What to do
The response should repeat word for word every line below from the one with "Muasaaluxi Newborn Baby" to the one with "Travel with wingz", inclusive, and nothing else; leave pictures out.

Supplied data
=== Begin Enclosure ===

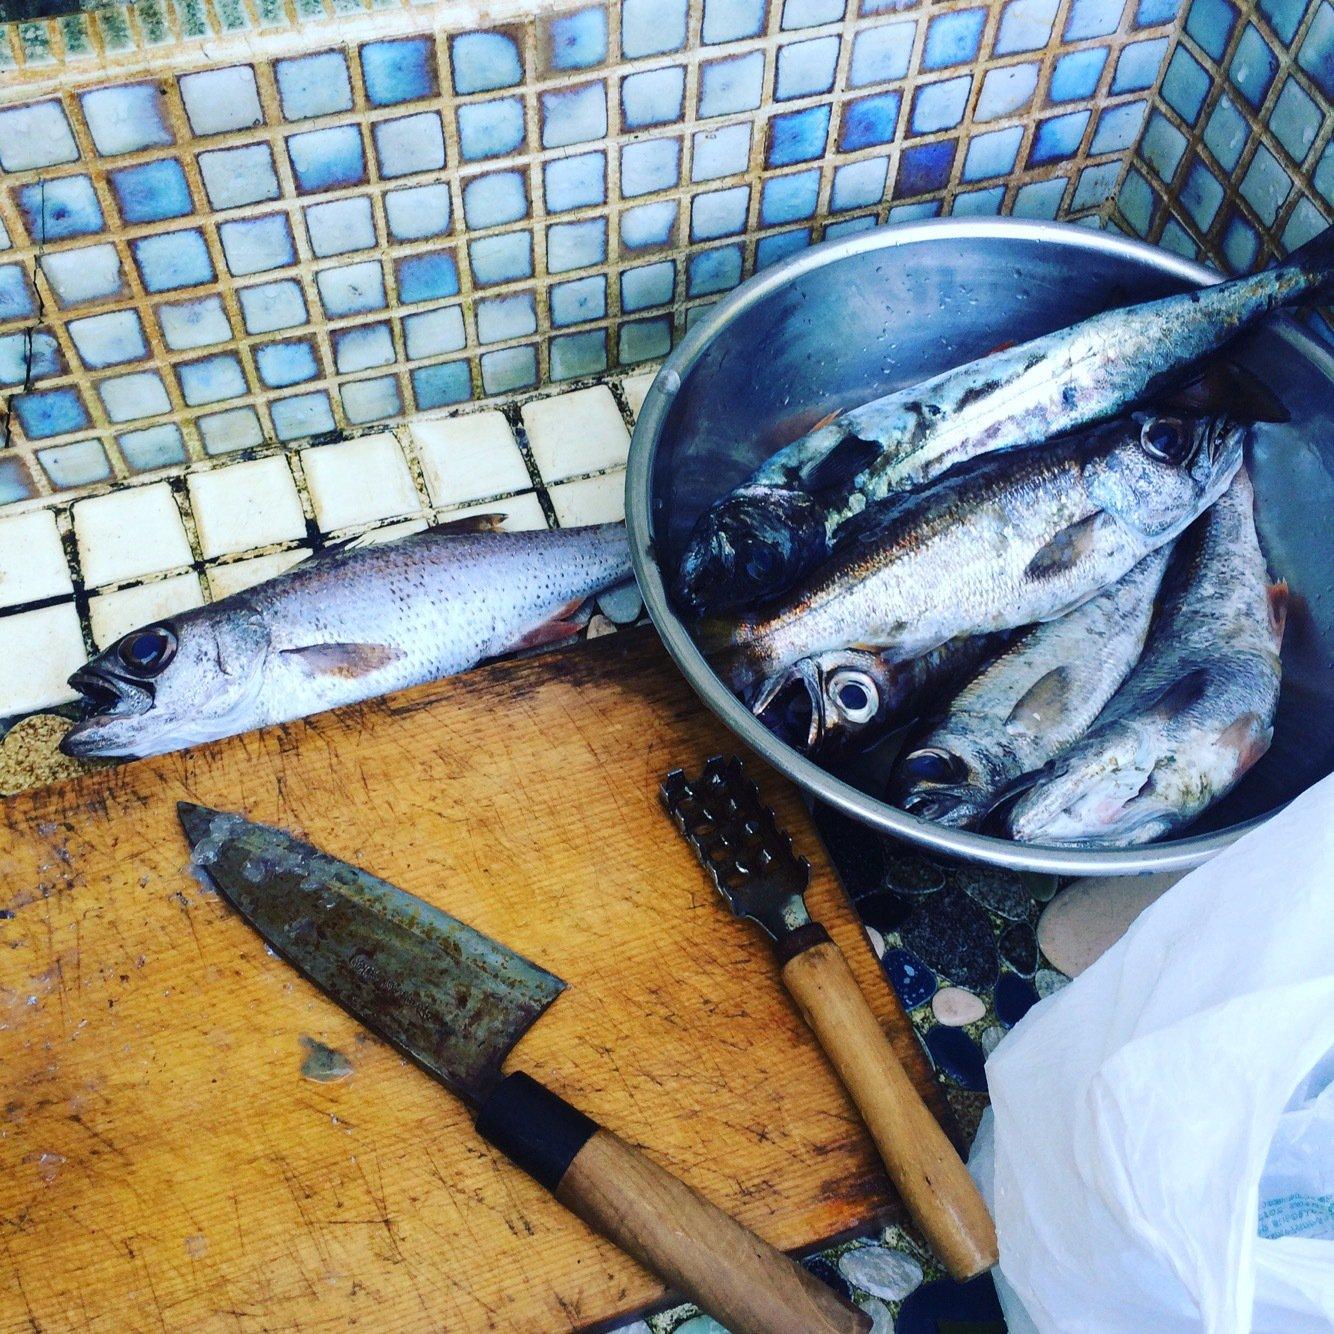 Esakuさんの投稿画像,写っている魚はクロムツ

=== End Enclosure ===
=== Begin Enclosure ===

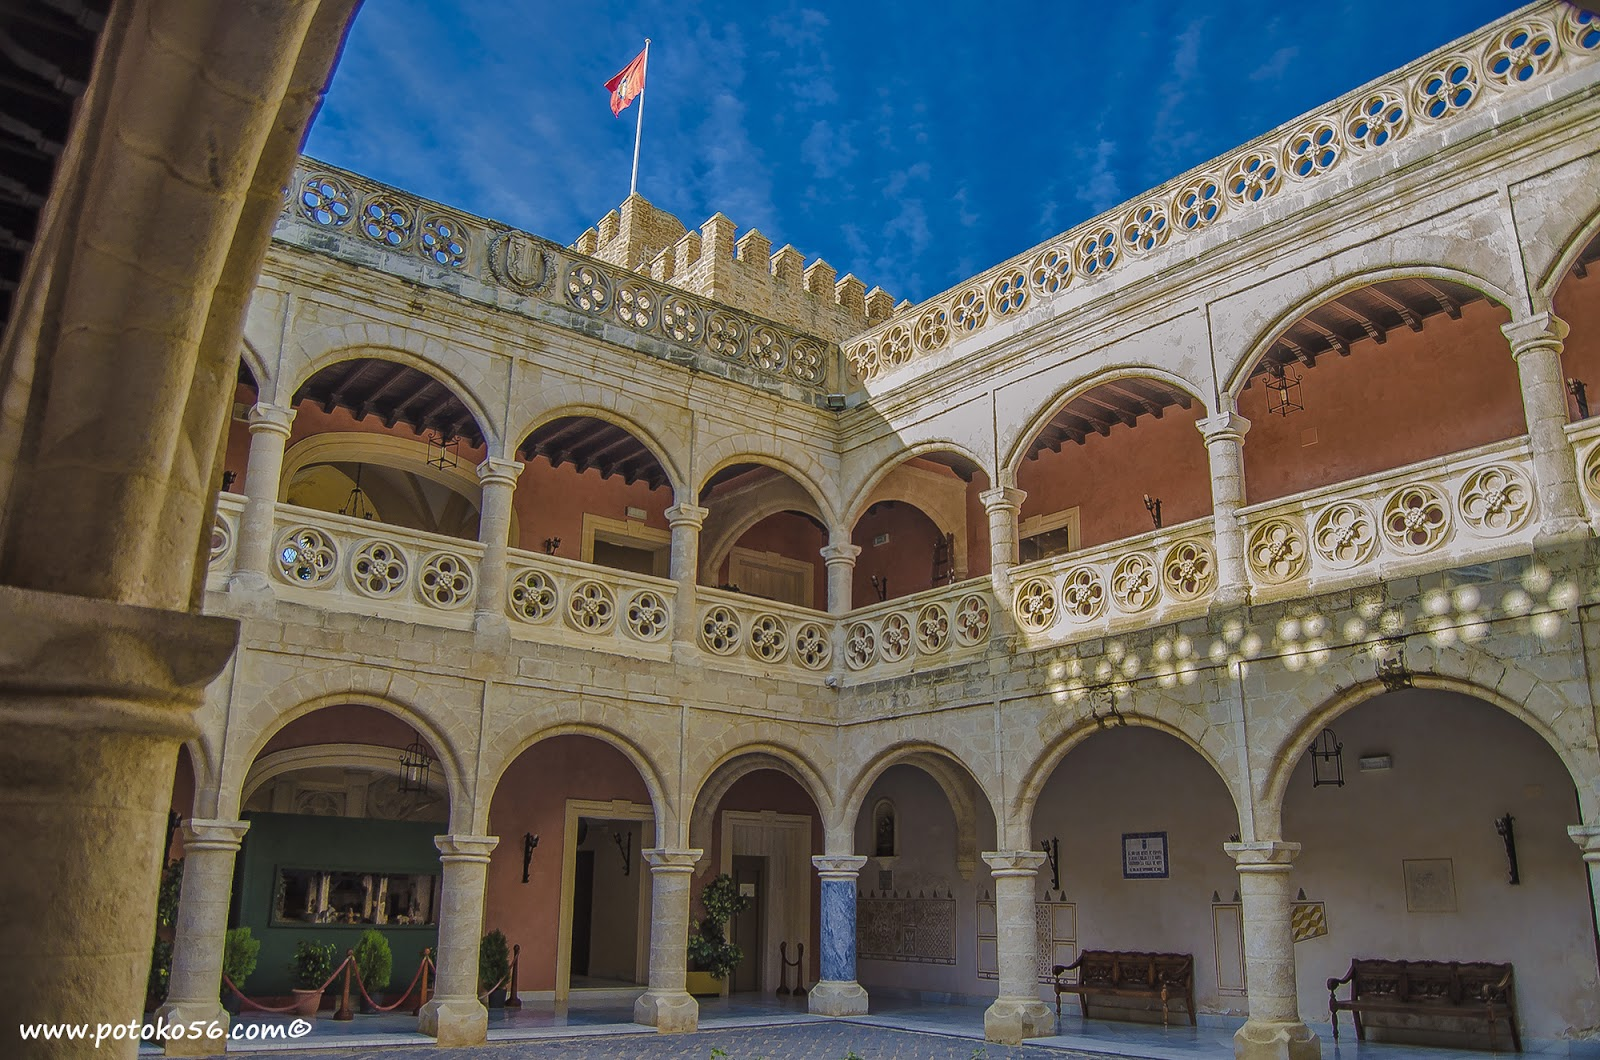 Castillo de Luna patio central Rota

=== End Enclosure ===
=== Begin Enclosure ===

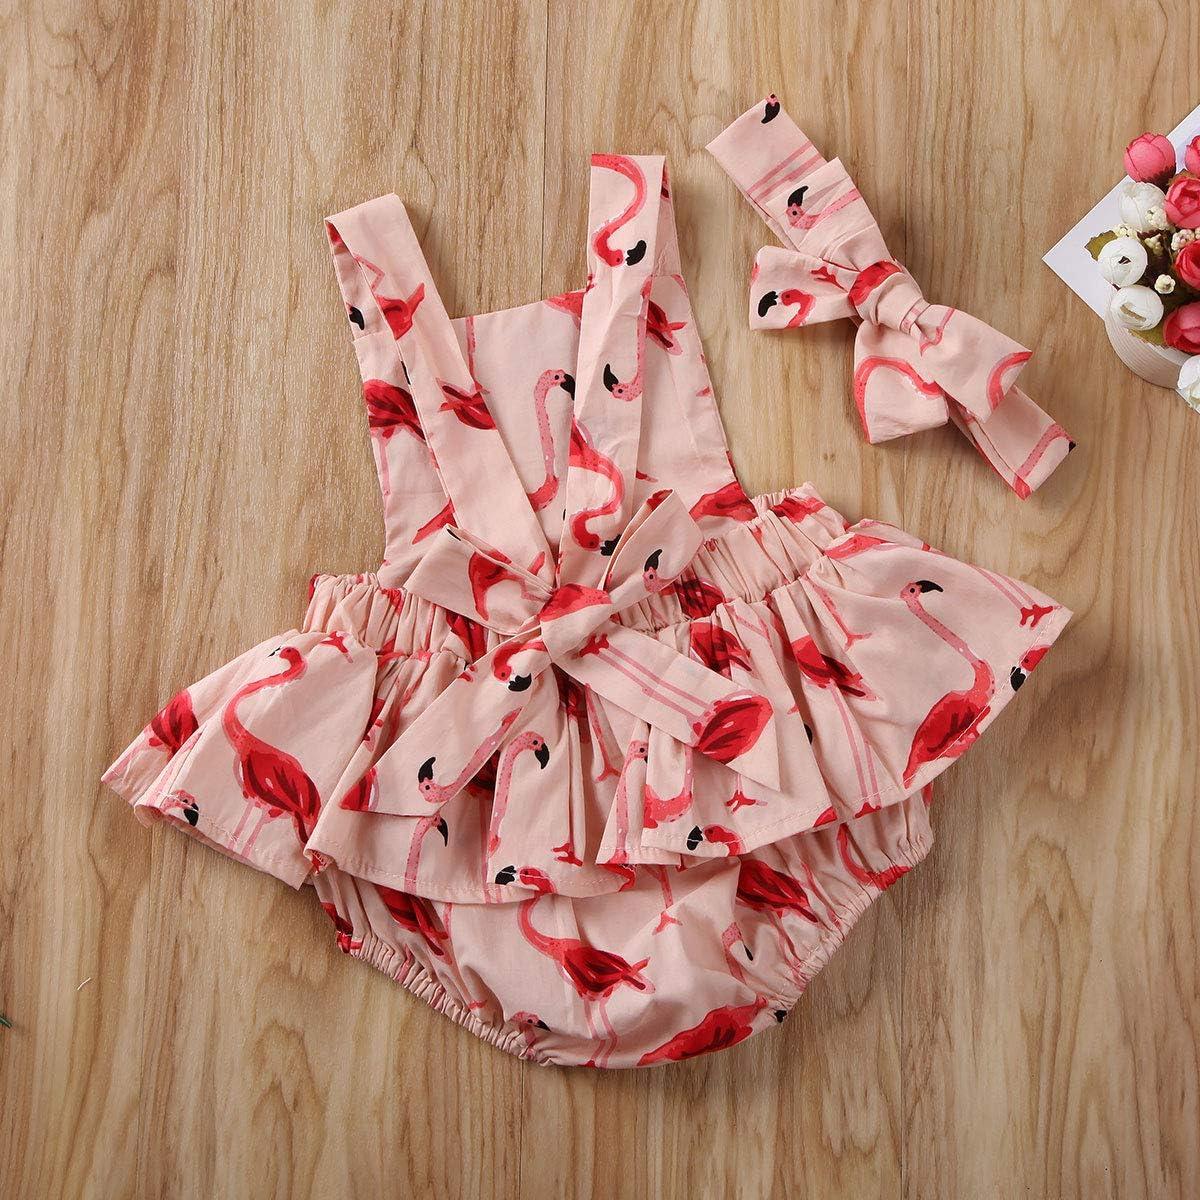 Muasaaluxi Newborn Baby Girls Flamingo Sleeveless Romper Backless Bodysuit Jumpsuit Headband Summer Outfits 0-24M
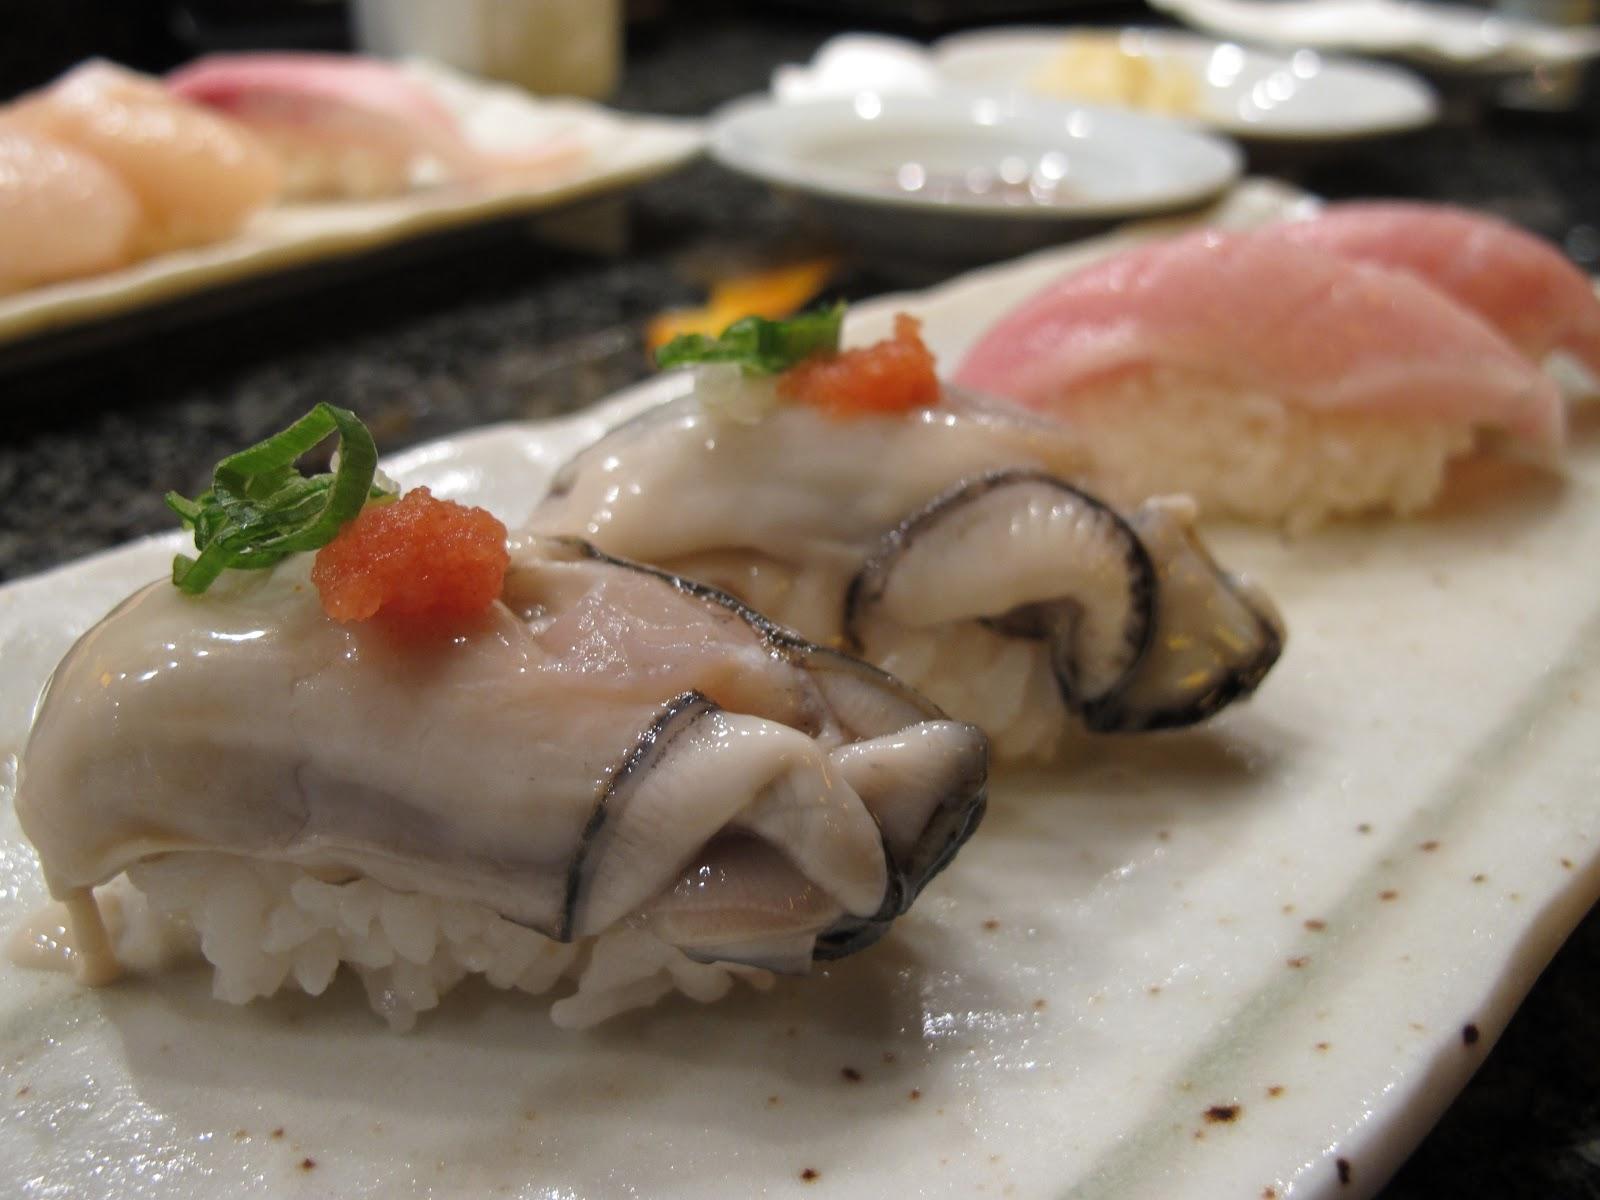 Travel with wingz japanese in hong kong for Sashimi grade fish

=== End Enclosure ===

Answer below
 Muasaaluxi Newborn Baby Girls Flamingo Sleeveless Romper Backless Bodysuit Jumpsuit Headband Summer Outfits 0-24M
 Travel with wingz japanese in hong kong for Sashimi grade fish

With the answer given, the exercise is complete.